In 1854, the 1st Battalion of the Scots Fusilier Guards were dispatched as part of the Guards Brigade to the East, being deployed to Malta, Bulgaria and Turkey, before, in September, the British finally landed in the Crimea, at a place called Calamity Bay.
During the battle of Alma, the Scots Fusilier Guards, in the center of the Guards Brigade, part of the 1st Division, were supporting the Light Division, The Russians seized their opportunity to strike, launching a large-scale bayonet charge on the regiment, resulting in brutal carnage, eventually forcing the regiment to reluctantly withdraw, suffering over 150 casualties. During this chaos, the Colour party of the regiment, whose Colours had been shot through, held its ground against the overwhelming Russian force, and safeguarded the Colours from the Russians, as well as helping to rally the regiment. The British, including men of the battered Scots Fusilier Guards, subsequently advancing, causing the Russians to flee which allowed the British to re-take the Great Redoubt. For their actions at Alma, the Scots Fusilier Guards won a battle honour and four men of the regiment would later win the Victoria Cross, an award created in 1856 to become the highest award for valour in the face of the enemy.
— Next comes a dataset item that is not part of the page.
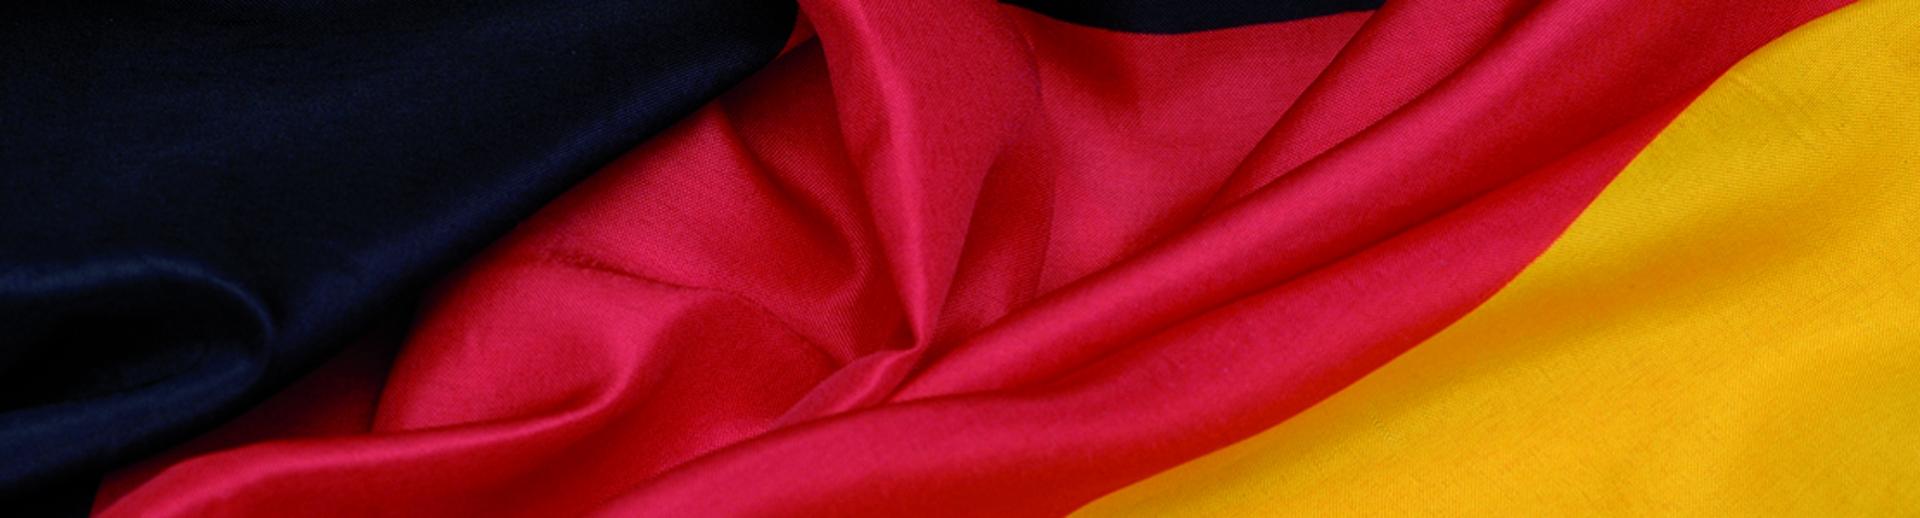 Austérité allemande : sortir de la caricature

These men were Captain Robert James Lindsay, Sergeants John Knox and James McKechnie, as well as Private William Reynolds.
In 1855, the regiment took part in another bloody engagement, at the Battle of Inkerman, the regiment won its thirteenth battle honour for its part at Inkerman. The Scots Fusilier Guards also took part in the arduous Siege of Sevastopol, which lasted from September 1854 to September the following year.
In 1862, the 2nd Battalion landed in the then-colony of New Brunswick to reinforce the garrison there during increased tensions with the United States during the American Civil War. The battalion departed in 1864. In 1877 Queen Victoria, changed the regiment's name to the now more familiar Scots Guards.
In 1881, the 1st Battalion deployed to Dublin, Ireland and the following year the battalion, as part of the Guard Brigade, took part in an expedition to Egypt. The Scots Guards gained the battle honours "Tel-el-Kebir" and "Egypt 1882" for taking part in the Egyptian Expedition.
In 1885, the 2nd Battalion took part in the Suakin Expedition to the Sudan, including the Battle of Hasheen, and gained the battle honour Suakin 1885 for their part in the campaign. The battalion returned home to the UK in late 1885 and took part in Queen Victoria's Golden Jubilee Military Review in 1887. In 1895, the 2nd Battalion of the regiment deployed to Dublin and returned to its barracks in London in 1897, with the 1st Battalion deploying to Dublin that same year.
In 1899, war broke out between the British Empire and the Dutch Boer Republics, the Transvaal and the Orange Free State. The 1st Battalion soon departed Ireland for South Africa to join up with the 1st Guards Brigade, and reached that country in November. The battalion quickly saw its first engagements in November, at Belmont, which ended in a British victory, and at the Battle of Modder River, another British victory, though it had come at a heavy cost in British life; the Scots Guards gained a battle honour for their part in the battle. In December, the battalion took part in its first major engagement of the war at the Battle of Magersfontein. Also in 1899, the 3rd Battalion of the regiment was raised in London, though would not see overseas service in South Africa.
In 1900, the 2nd Battalion departed the UK for South Africa, landing there in April, whereupon it joined the 16th Infantry Brigade. The Scots Guards then saw action at the Battle of Paardeberg. The following month, the regiment took part in the Battle of Driefontein and in May, the 2nd Battalion took part in a small engagement at Biddulphsberg and on 31 May, the regiment was present at the capture of Johannesburg.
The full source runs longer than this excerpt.